── Given information

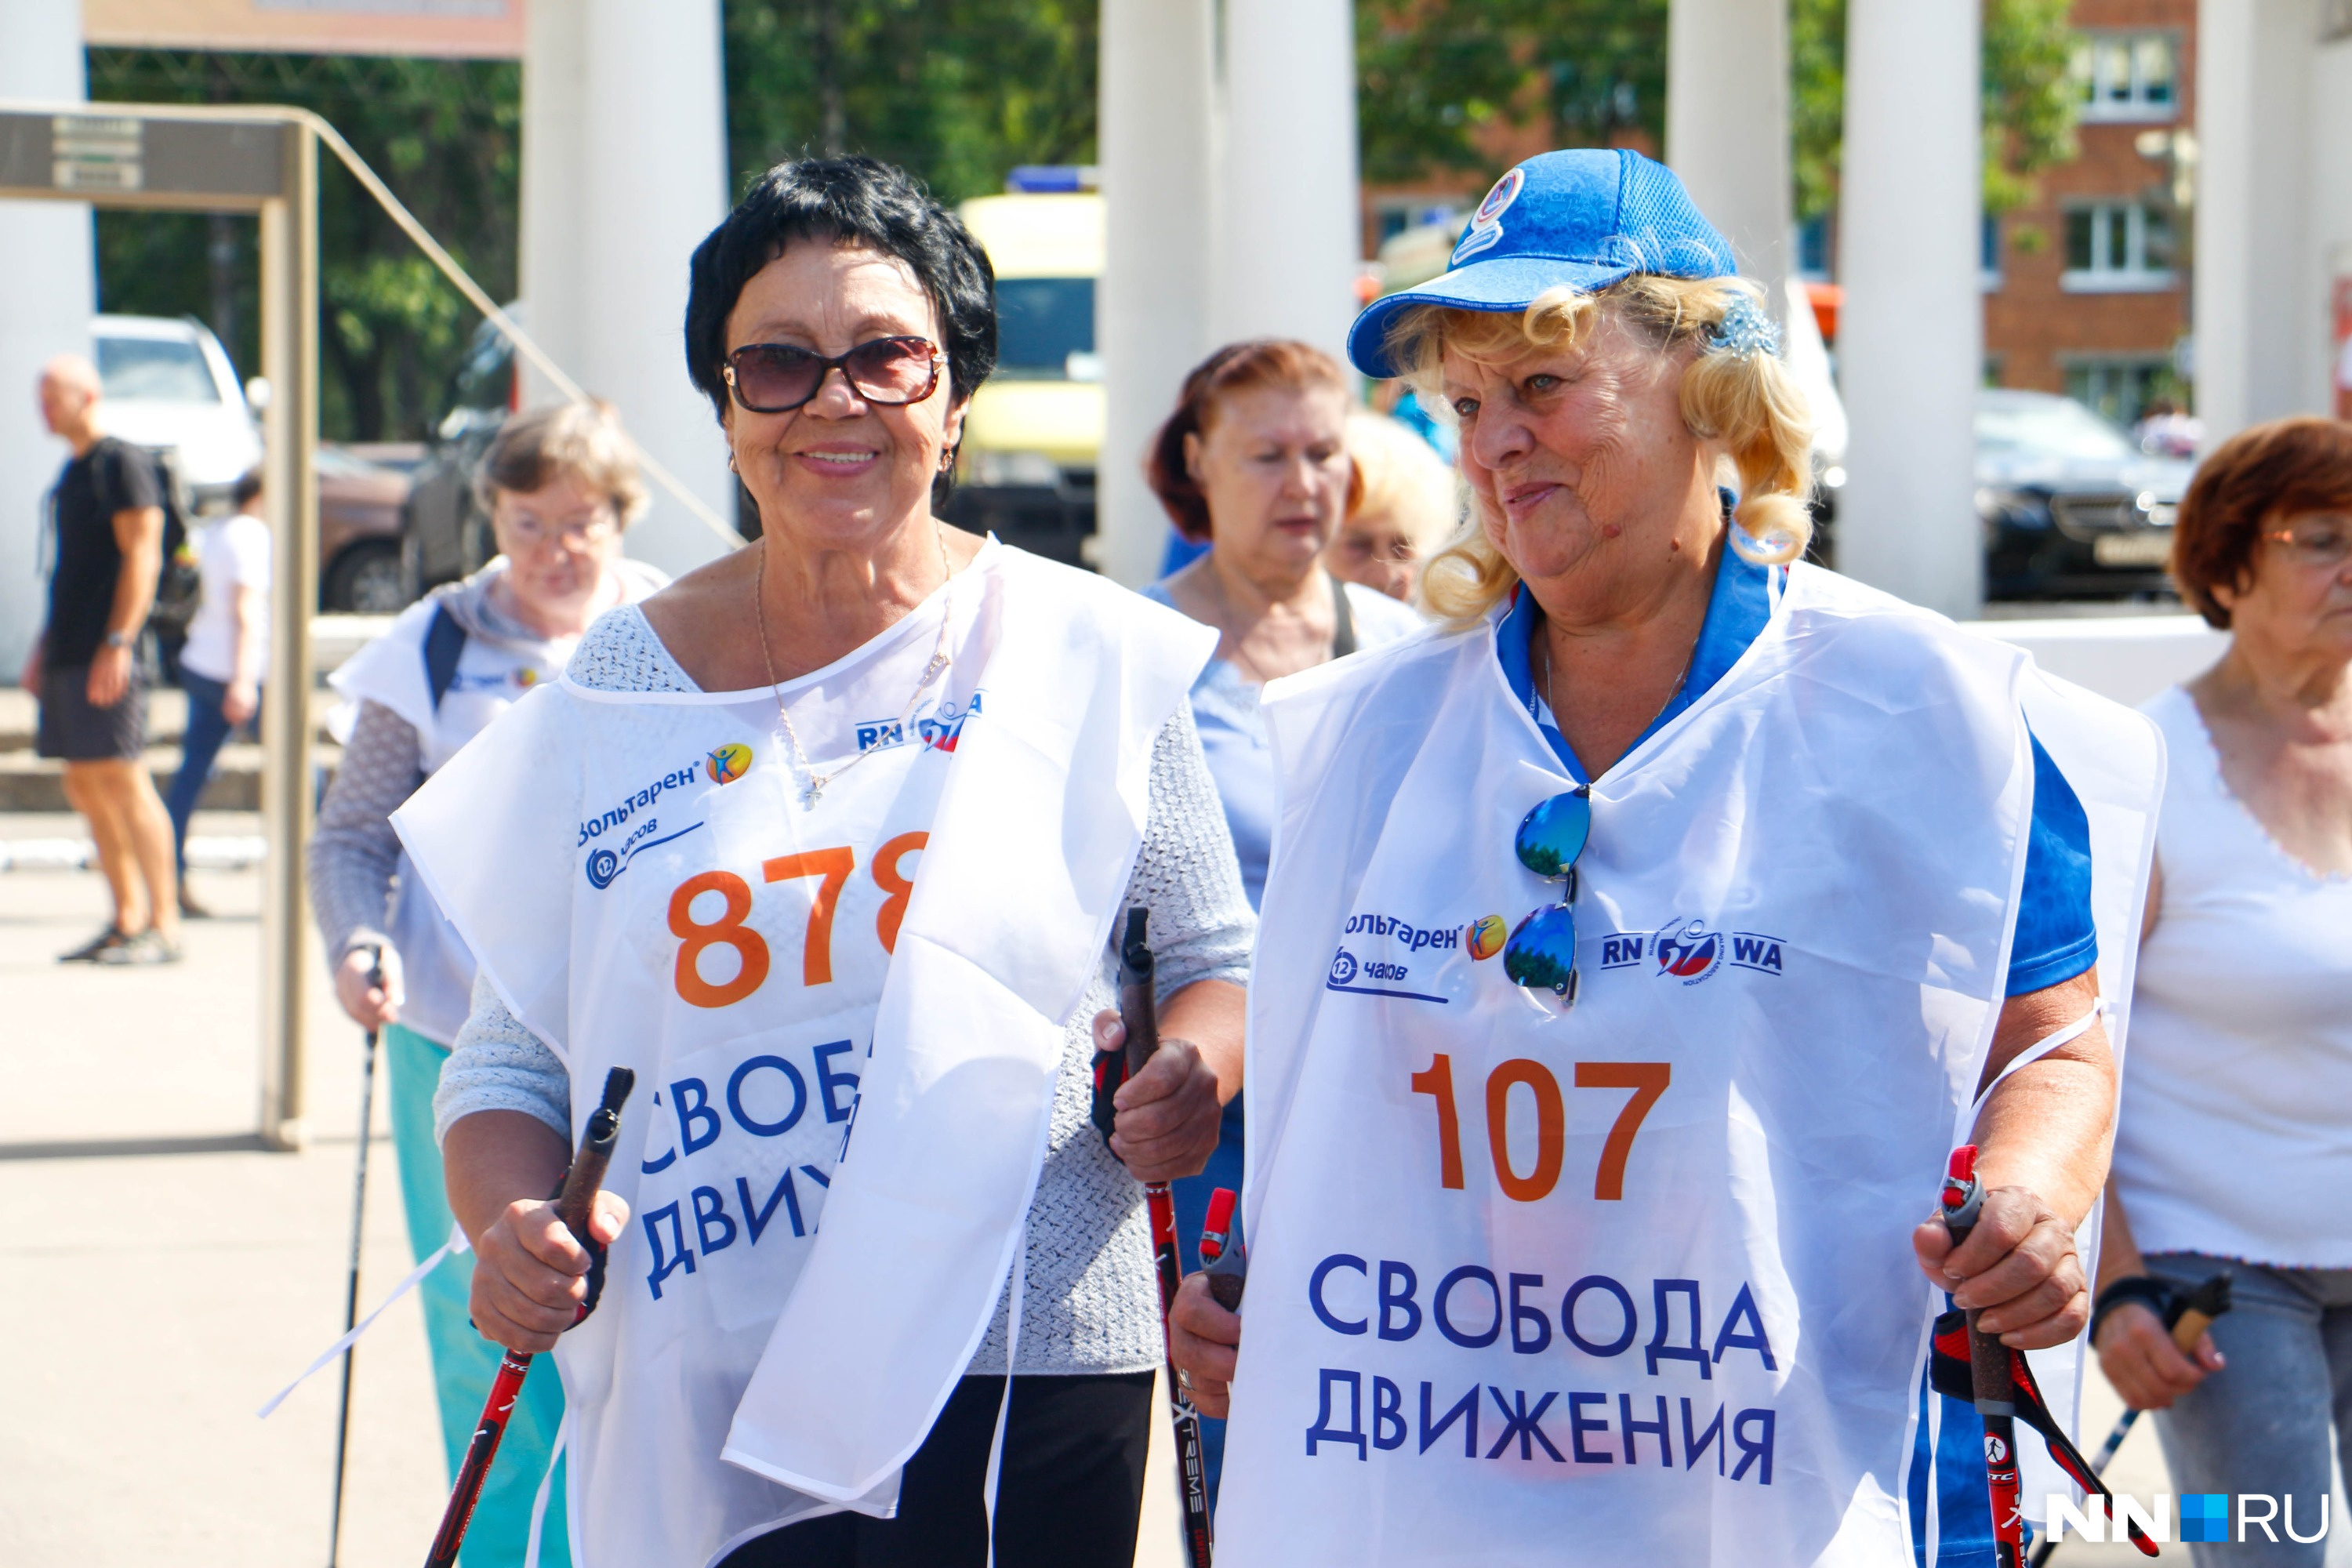 Татьяна Ворошкова (справа) на фестиваль пришла не одна, а с группой поддержки из шести человек<br>
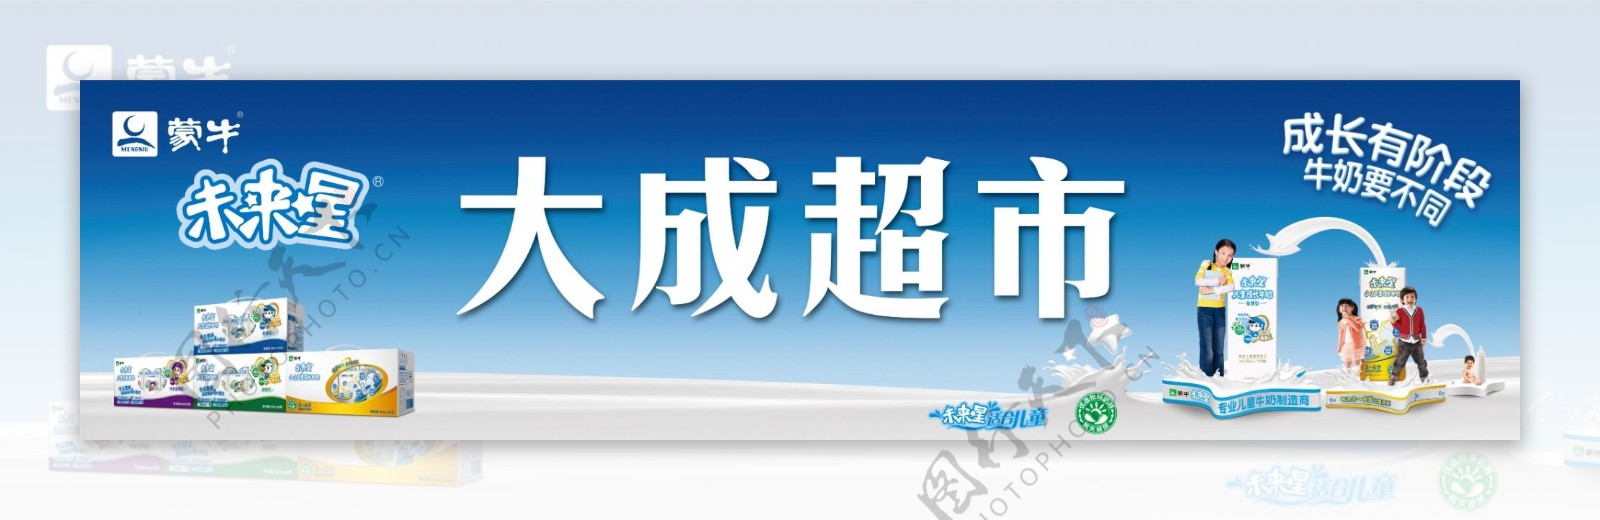 蒙牛未来星2012最新店招形象图片
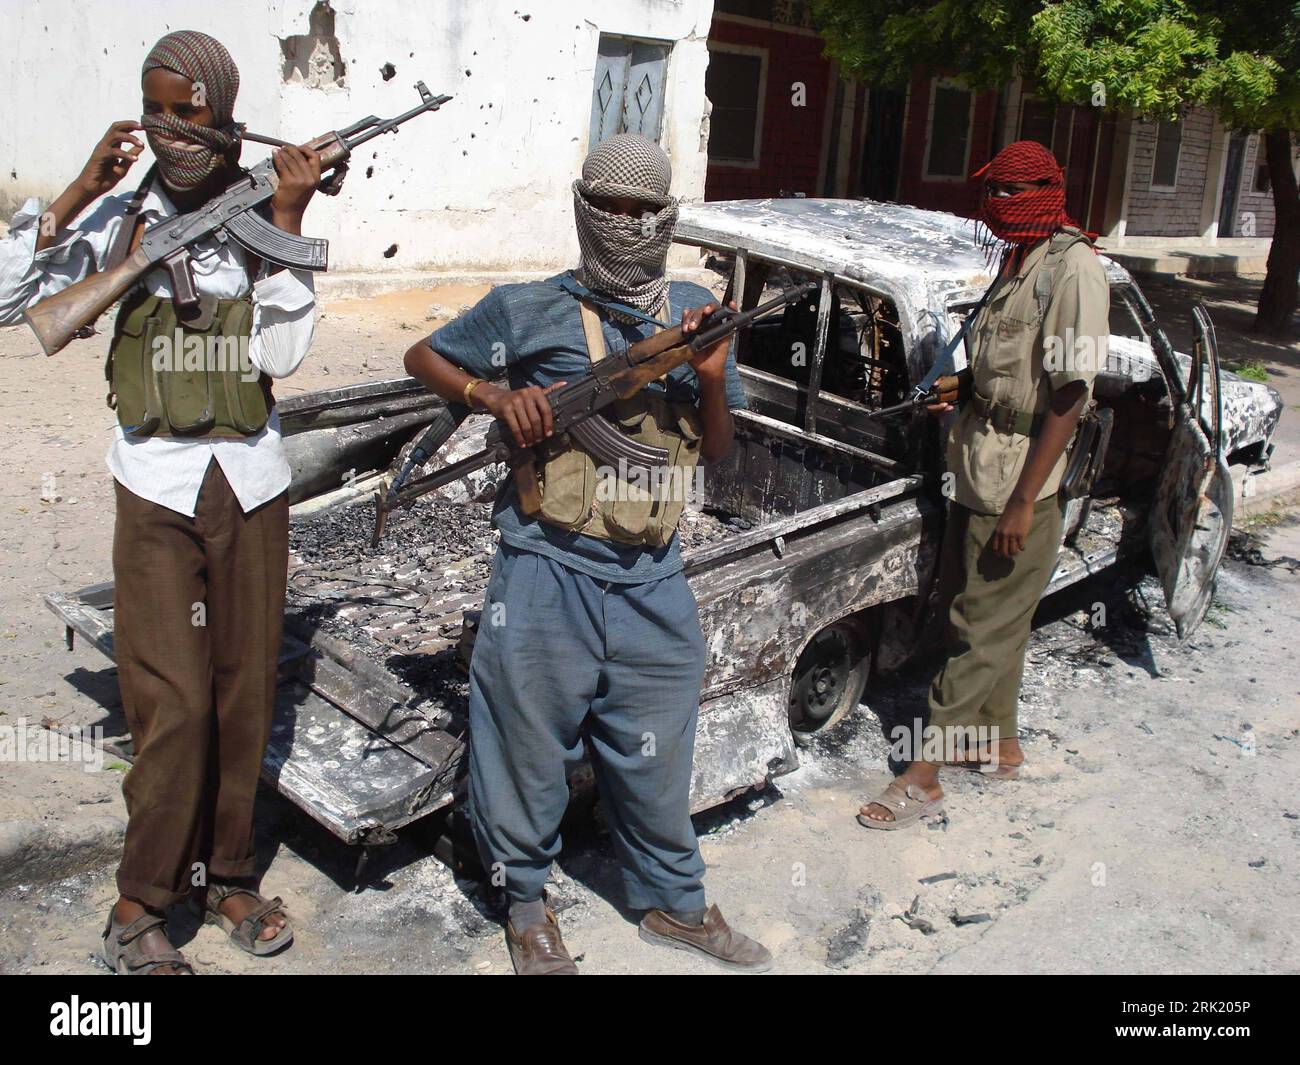 Bildnummer: 53010009  Datum: 11.05.2009  Copyright: imago/Xinhua Jugendliche, islamistische Rebellen posieren vermummt mit ihren  am Rande der Kämpfe zwischen islamistischen Aufständischen und Regierungstruppen in Mogadischu - Somalia PUBLICATIONxNOTxINxCHN, Personen , Highlight , premiumd; 2009, Somalia, Mogadischu, Politik, Kämpfe, Aufstand, Rebellion, Rebellen, vermummt, Teenager, Jugendliche, jung, bewaffnet, , , Schusswaffen, Moslem; , quer, Kbdig, Gruppenbild, Islam, Religion,  , Gesellschaft, Afrika, o0 Maschinenpistole    Bildnummer 53010009 Date 11 05 2009 Copyright Imago XINHUA young Stock Photo
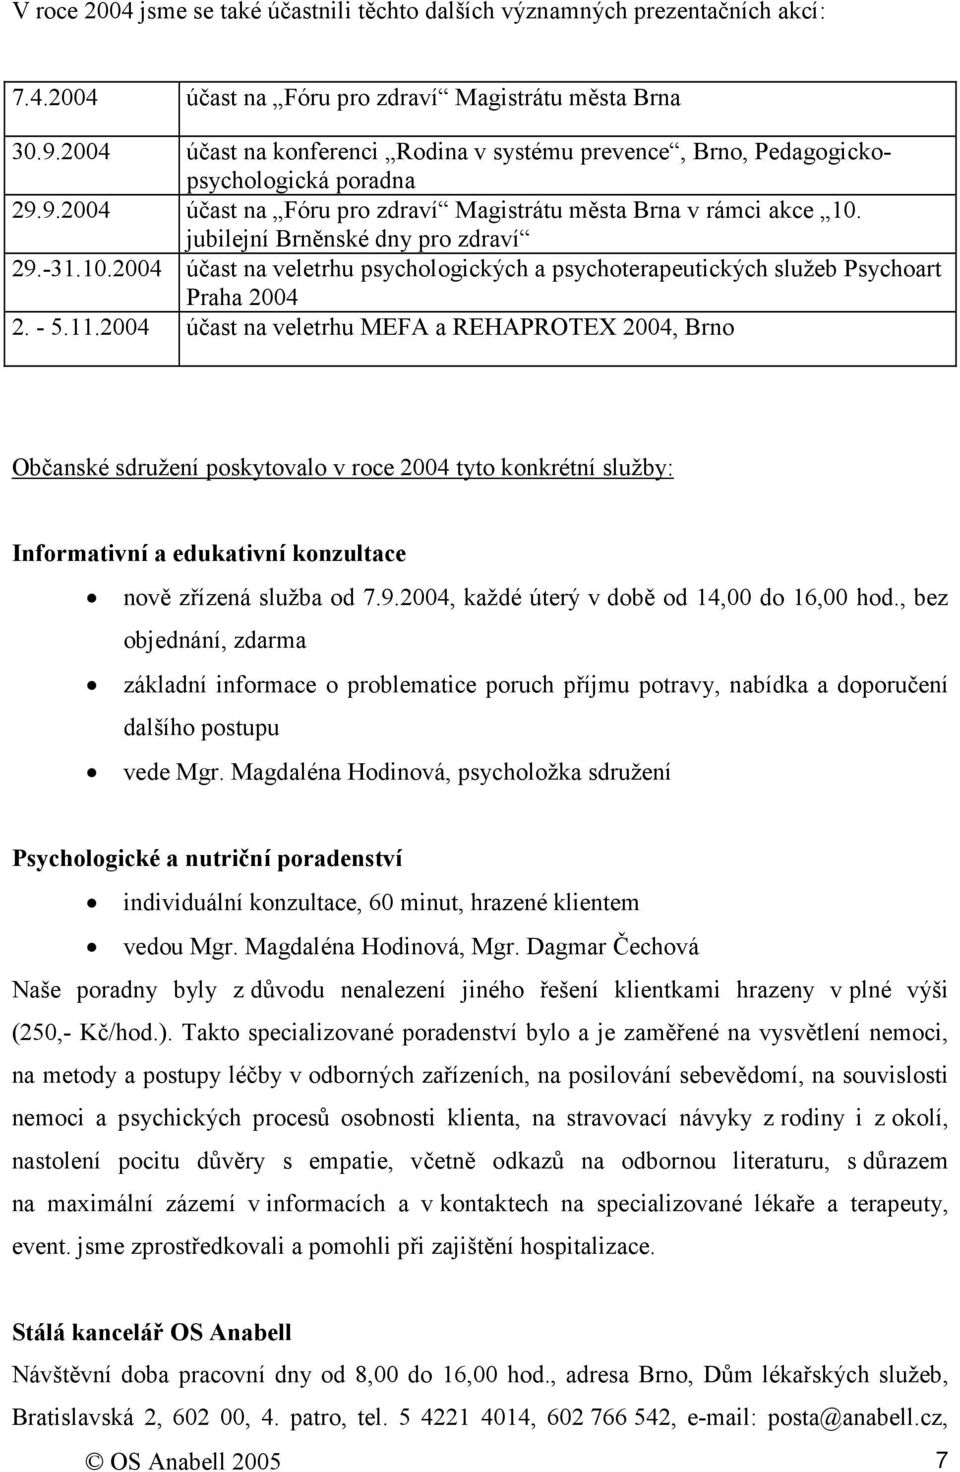 jubilejní Brněnské dny pro zdraví 29.-31.10.2004 účast na veletrhu psychologických a psychoterapeutických služeb Psychoart Praha 2004 2. - 5.11.

────

◆ What is being asked
The listing above should be returned word for word, with pictures omitted.

◆ Worked solution
 Татьяна Ворошкова (справа) на фестиваль пришла не одна, а с группой поддержки из шести человек<br>
 蒙牛未来星2012最新店招形象图片
 Bildnummer: 53010009  Datum: 11.05.2009  Copyright: imago/Xinhua Jugendliche, islamistische Rebellen posieren vermummt mit ihren  am Rande der Kämpfe zwischen islamistischen Aufständischen und Regierungstruppen in Mogadischu - Somalia PUBLICATIONxNOTxINxCHN, Personen , Highlight , premiumd; 2009, Somalia, Mogadischu, Politik, Kämpfe, Aufstand, Rebellion, Rebellen, vermummt, Teenager, Jugendliche, jung, bewaffnet, , , Schusswaffen, Moslem; , quer, Kbdig, Gruppenbild, Islam, Religion,  , Gesellschaft, Afrika, o0 Maschinenpistole    Bildnummer 53010009 Date 11 05 2009 Copyright Imago XINHUA young Stock Photo
 jubilejní Brněnské dny pro zdraví 29.-31.10.2004 účast na veletrhu psychologických a psychoterapeutických služeb Psychoart Praha 2004 2. - 5.11.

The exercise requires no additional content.